Data Training
The Data Training tab is where you upload and prepare content that the chatbot will use to generate accurate and helpful responses.
This tab supports three types of data ingestion:
- Upload Files
- Import via Sitemap with Regex
- Enter Direct URLs
Upload Files
You can upload text and document files such as:
- PDF, TXT, CSV, DOCX, and PPTX
- Limit: Maximum 30MB in total; each individual file must not exceed 15MB
Steps to Upload
- Click Choose Files and select your document(s)
- Click Upload
- Once uploaded, files will appear below the uploaded field
- You can:
- Click the ❌ cross icon to remove files before submission
- Click Submit to train them
Note: If your uploaded file doesn’t appear under Uploaded Data, it means the training failed or upload was incomplete — try uploading again.
Advanced Data Extraction via Sitemap
This section allows importing structured web content using a sitemap and optional regular expression filter.
Fields
- Sitemap: Enter your site’s sitemap URL (e.g.,
https://domain.com
) - Regular Expression: (Optional) Filter specific URLs (e.g.,
/travel
,release/2023
)
Actions
Click Preview to review fetched content
- A Preview Modal opens where you can:
- Toggle Auto Crawl (on = periodic auto-refresh; off = static data)

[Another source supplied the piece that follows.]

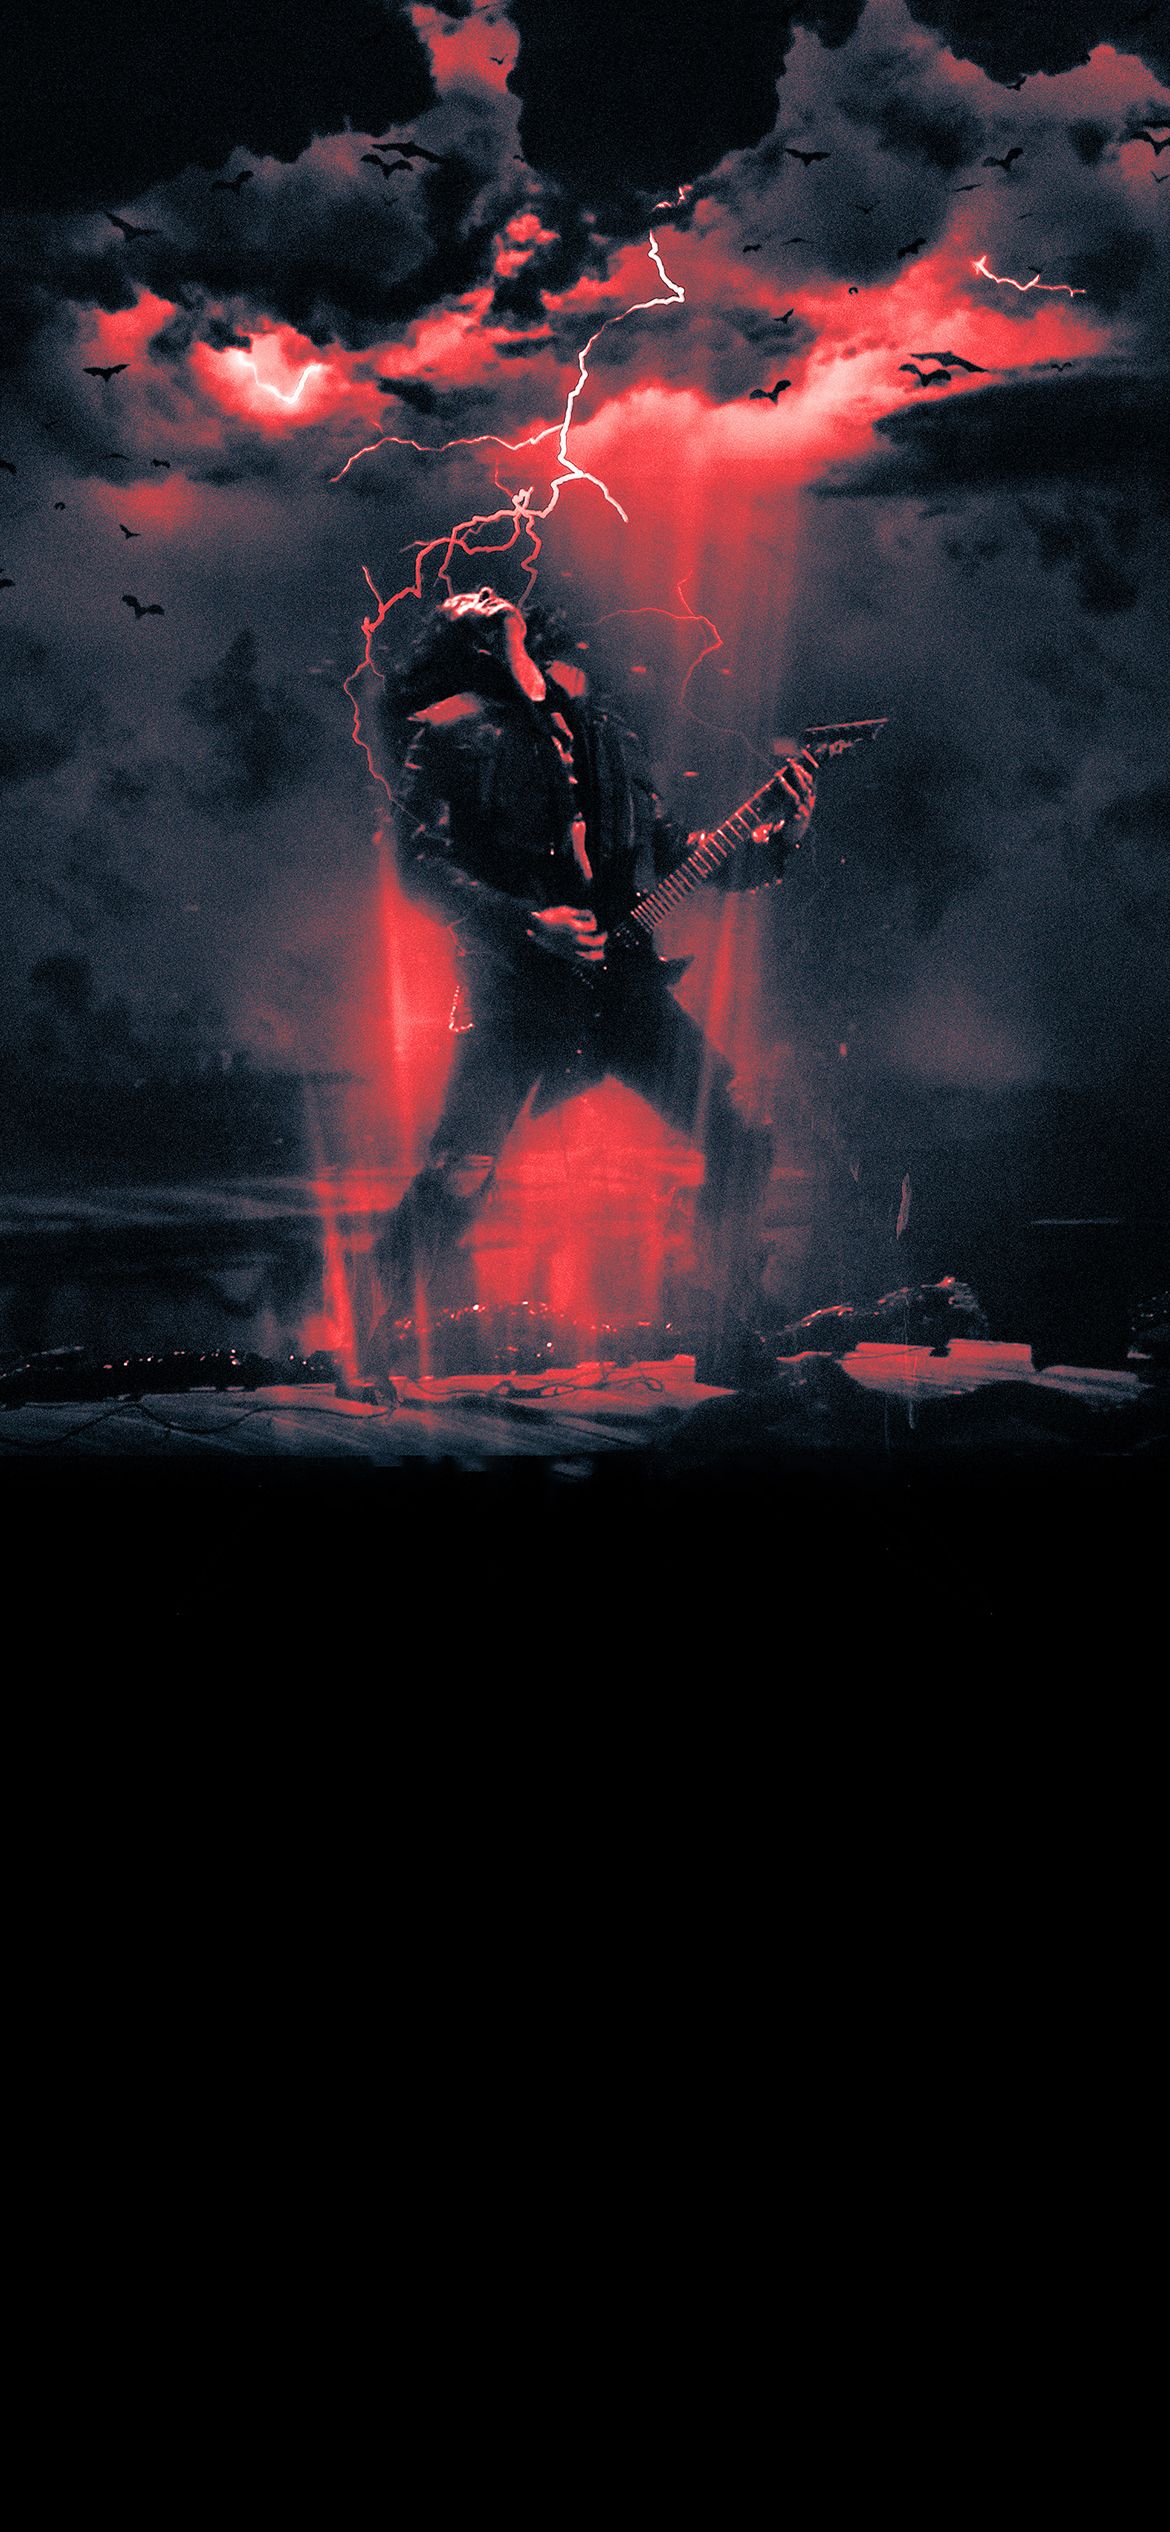 A man playing guitar in the rain with lightning - IPhone red

- Click Cancel to exit or Train to begin processing
Enter Comma-Separated URLs
Quickly train your bot using a list of specific page URLs.
Example Format:
(e.g., https://abc.com
, https://abc.com/travel
, https://xyz.com/test
)
-
Paste multiple URLs separated by commas
-
Click Preview to review fetched content
-
A Preview Modal opens where you can:
- Toggle Auto Crawl (on = periodic auto-refresh; off = static data)
- Click Cancel to exit or Train to begin processing
Training Flow Logic
- After you Submit or Train, the data enters a Queued state
- If the training is successful, the content will move to the Uploaded Data tab
- If you do not see the content in the Uploaded tab, the training failed — retry the upload or check formatting
Key Concepts
-
✅ Uploaded Data: These are the only documents and URLs the chatbot uses to answer questions.
-
🕓 Queued Data: Content that is still being processed.
Note: Queued content does not affect chatbot responses until it appears in Uploaded Data.
-
⚙️ Auto Crawl Toggle:
When enabled, your chatbot will periodically re-fetch and retrain on the URL’s content.
When disabled, it stays fixed and won’t update unless retrained manually.
Best Practices
- Always verify file size and format before uploading.
- Use clear and crawlable web pages for best URL training results.
- Regularly monitor Queued Data and retry failed uploads if needed.
- Keep Auto Crawl enabled only for content that changes frequently.